The `Meta-Font' programming language for designing typefaces invented by Donald Knuth. His Metafontbook is the only manual written to date (that we know of).

The `portable bitmap' format used by the PBMplus programs, Ghostscript, Imageto, etc. It was invented by Jef Poskanzer (we believe), the author of PBMplus.

The `printer font ASCII' format in which Type 1 PostScript fonts are sometimes distributed. This format uses the ASCII hexadecimal characters `0' to `9' and `a' to `f' (and/or `A' to `F') to represent an eexec-encrypted Type 1 font.

The `printer font binary' format in which Type 1 PostScript fonts are sometimes distributed. This format is most commonly used on DOS systems. (Personally, we find the existence of this format truly despicable, as one of the major advantages of PostScript is its being defined entirely in terms of plain text files (in Level 1 PostScript, anyway). Having an unportable binary font format completely defeats this.)

The `packed font' bitmap format output by GFtoPK. PK format has (for all practical purposes) the same information as GF format, and does a better job of packing: typically a font in PK format will be one-half to two-thirds of the size of the same font in GF format. It was invented by Tom Rokicki as part of the TeX project. See the GFtoPK source for the definition.

The `property list' format output by TFtoPL. This is a transliteration of the binary TFM format into human-readable (and -editable) text.

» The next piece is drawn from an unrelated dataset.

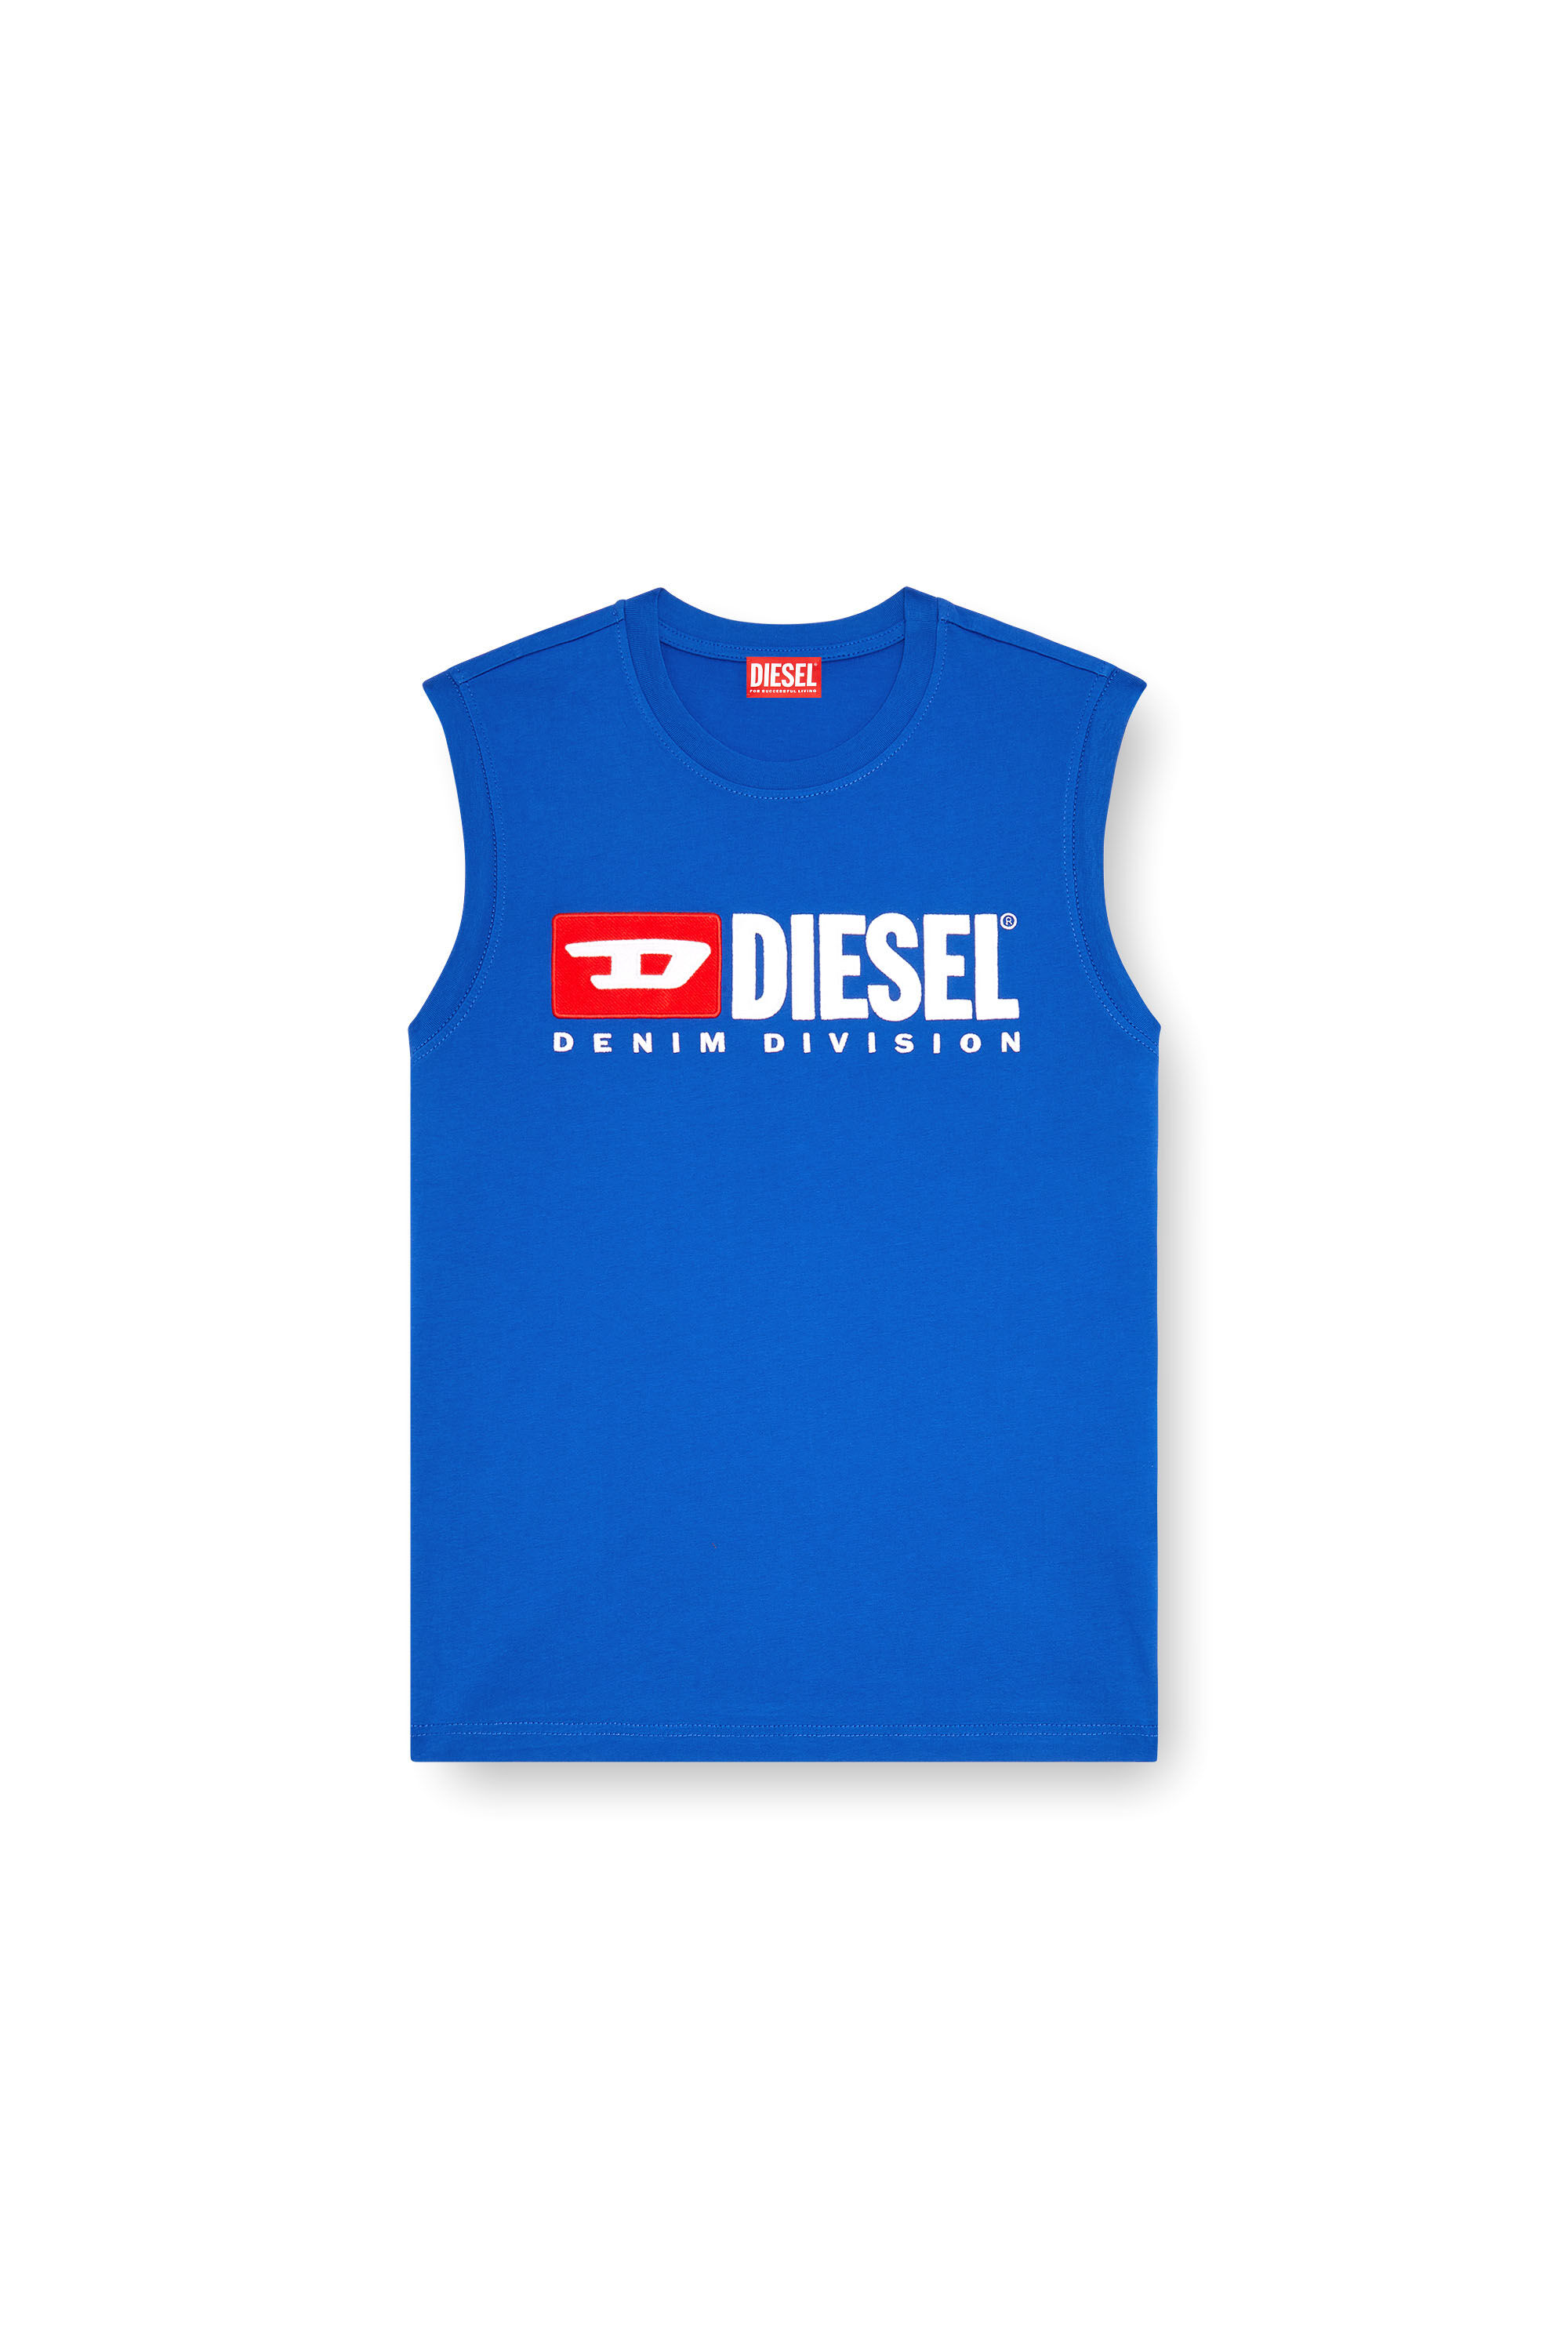 Diesel - T-ISCO-DIV, Hombre Camiseta sin mangas con logotipo estampado en el pecho in Azul marino - Image 2

Some of these programs output a PL file and call PLtoTF to make a TFM from it. (For technical reasons it is easier to do this than to output a TFM file directly.) See the PLtoTF source for the details.

The `TeX font metric' format output by Metafont, PLtoTF, and other programs, and read by TeX. TFM files include only character dimension information (widths, heights, depths, and italic corrections), kerns, ligatures, and font parameters; in particular, there is no information about the character shapes. See the TeX or Metafont source for the definition.